The name B&B Elegance did not come out of a marketing agency. The two letter Bs are two women: Besire and Biondina, mother and daughter. Besire has worked with hair for more than twenty years. Biondina specialized in facial treatments. Their family salon sits on Jakov Xoxa street, in the Muharrem Fejza area of Pristina.

That is the whole story, told in one breath. And that is exactly where this page parts ways with most salon texts you read online. You will not find invented scenes here, no dates rounded off for effect, no quotes that nobody ever said. The facts are few and they are true.
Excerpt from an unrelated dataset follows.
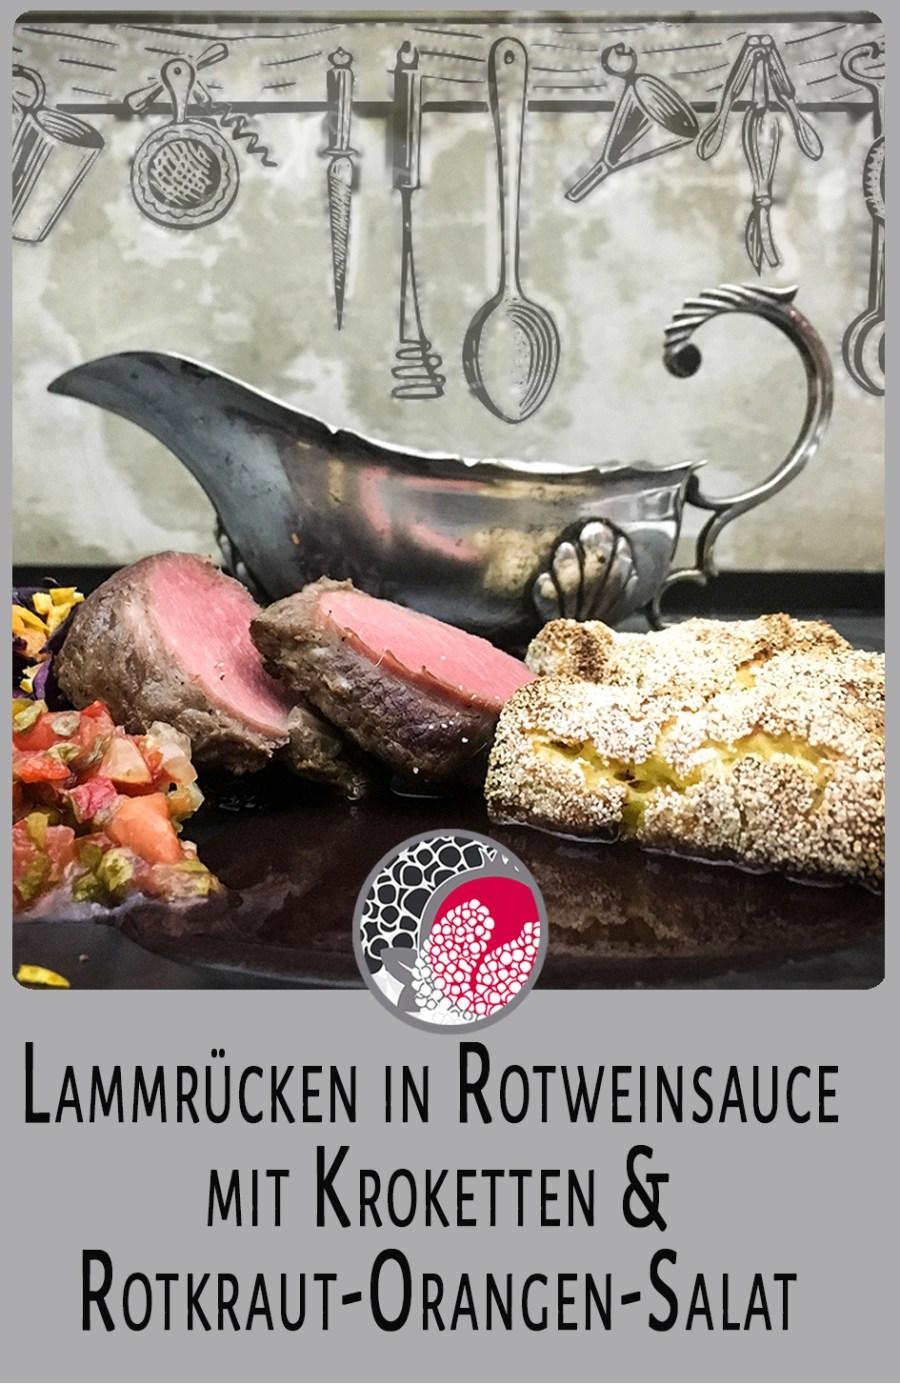 Lammrücken Rotweinsauce Rotkraut Orangen Salat saddle of lamb

What deserves explanation is not a founding fable but what those facts mean for you as a client: what more than twenty years with hair in your hands actually amounts to, how a craft passes from mother to daughter, and why a family name over the door changes how the work gets done.

What more than twenty years with hair actually teaches

There is no shortcut to experience in hairdressing. A course lasts a few months. A new technique can be picked up in weeks. But the ability to read hair, to know at the first touch what it will take and what it will not, comes only from the number of heads that have passed through your hands. More than twenty years of work means thousands of clients. Fine hair that will not hold volume. Thick hair that resists color. Curls that behave one way in dry weather and another way when it rains. Hair worn down by one bleaching after another.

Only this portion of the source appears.